Pongids |
Orangutans are found in the Southeastern countries of Sumatra and Borneo. They live in tropical rain forests, and are found at all levels of the forest on small branches. Rarely do they come down to the forest floor. Older individuals, however, may be forced to live most of their life on the ground due to their loss of strength and weight gain.
Dental formula for orangutans is 2:1:2:3. They are predominantly frugivores, but have also been observed eating leaves, bark and bird eggs.
Orangutans are cautious climbers, and are mainly arboreal. In the trees they move by grasping slender branches and climbing. They are usually cautious in grabbing branches with two or three arms or legs. On the ground they walk quadrupedally, using the lateral side of the palms. Orangutans are extremely flexible in the hip, knee, and shoulder joint. Their forearms are much longer than their hindlegs. They are diurnal.
Adult orangutans live alone (solitary).
One male may have a territory that covers the range of several females.
Females are found by themselves, unless they have a young child. During
his constant movement within his territory, the male will know when a female
is sexually receptive by the type of calls she makes. Occasionally a young
male will approach a female and attempt to mate with her. Often the female
then calls out for the older male to come to her rescue. A fight between
the males may then occur. The agressive behavior of the younger male and
the attempts by the female to avoid him have been called rape. Why do you
think the female objects to the younger male's advances?
Chimpanzee dentition is 2:1:2:3. They eat a wide variety of food including fruits, leaves, palm-nuts, seeds, termites, ants, and meat.

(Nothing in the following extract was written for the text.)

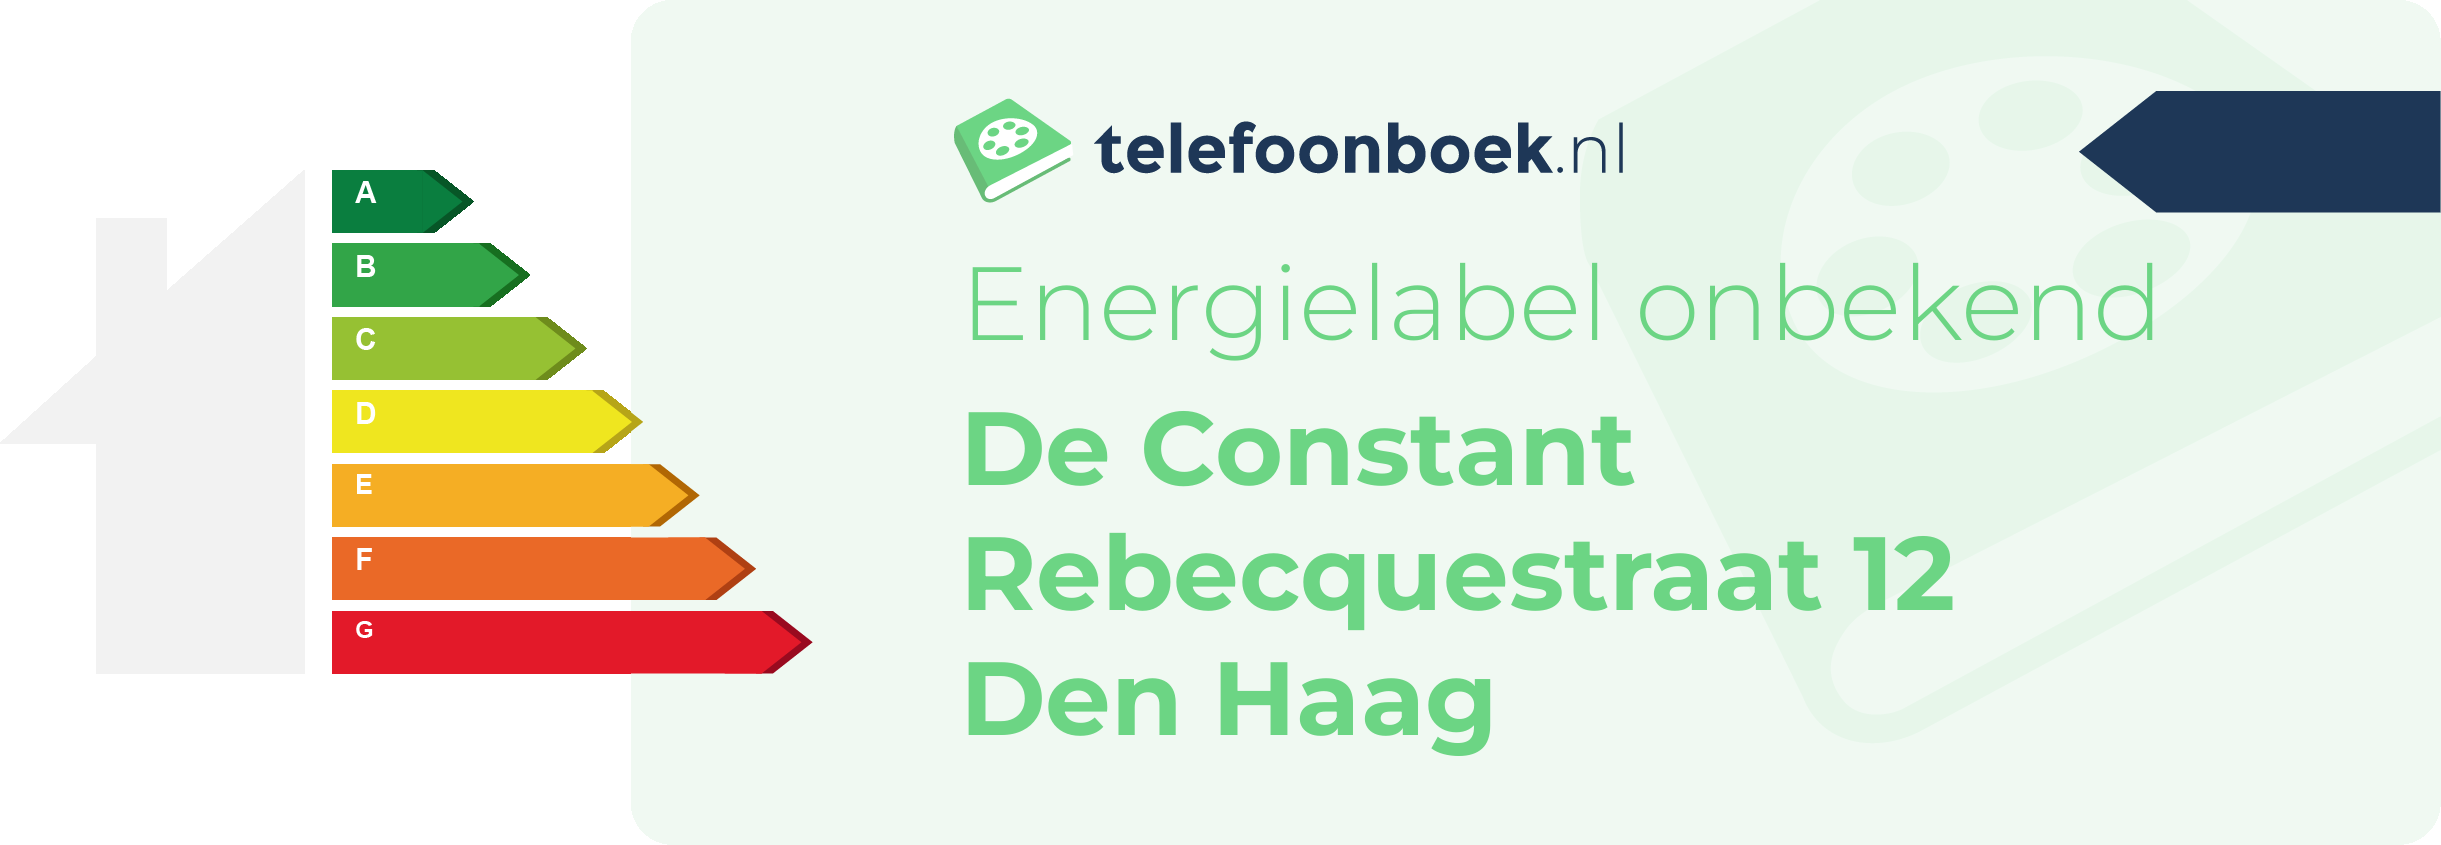 Energielabel De Constant Rebecquestraat 12 Den Haag

Chimps spend 25-30% of the daylight hours walking on the ground. They walk quadrupedally, in a fashion known as knucklewalking. In the trees they climb branch to branch. Occasionally they will walk bipedally. They tend to do this when carrying objects in their hands, displaying, or attempting to see over the horizon.
An individual chimpanzee belongs to a large main group. However, that group will split up at different times during the day. The size of the social group in which a chimp interacts is always changing. Sometimes a chimp will be in a mixed sex group, a one sex group, alone, or mother infant band. This type of social grouping is called fission/fusion.
Chimps are diurnal. Each main group is very territorial. They have been observed using tools to extract termintes and ants from their nests. They also hunt. Often times they will hunt a juvenile monkey. The chimpanzees hunt in a group, and share the kill with the others.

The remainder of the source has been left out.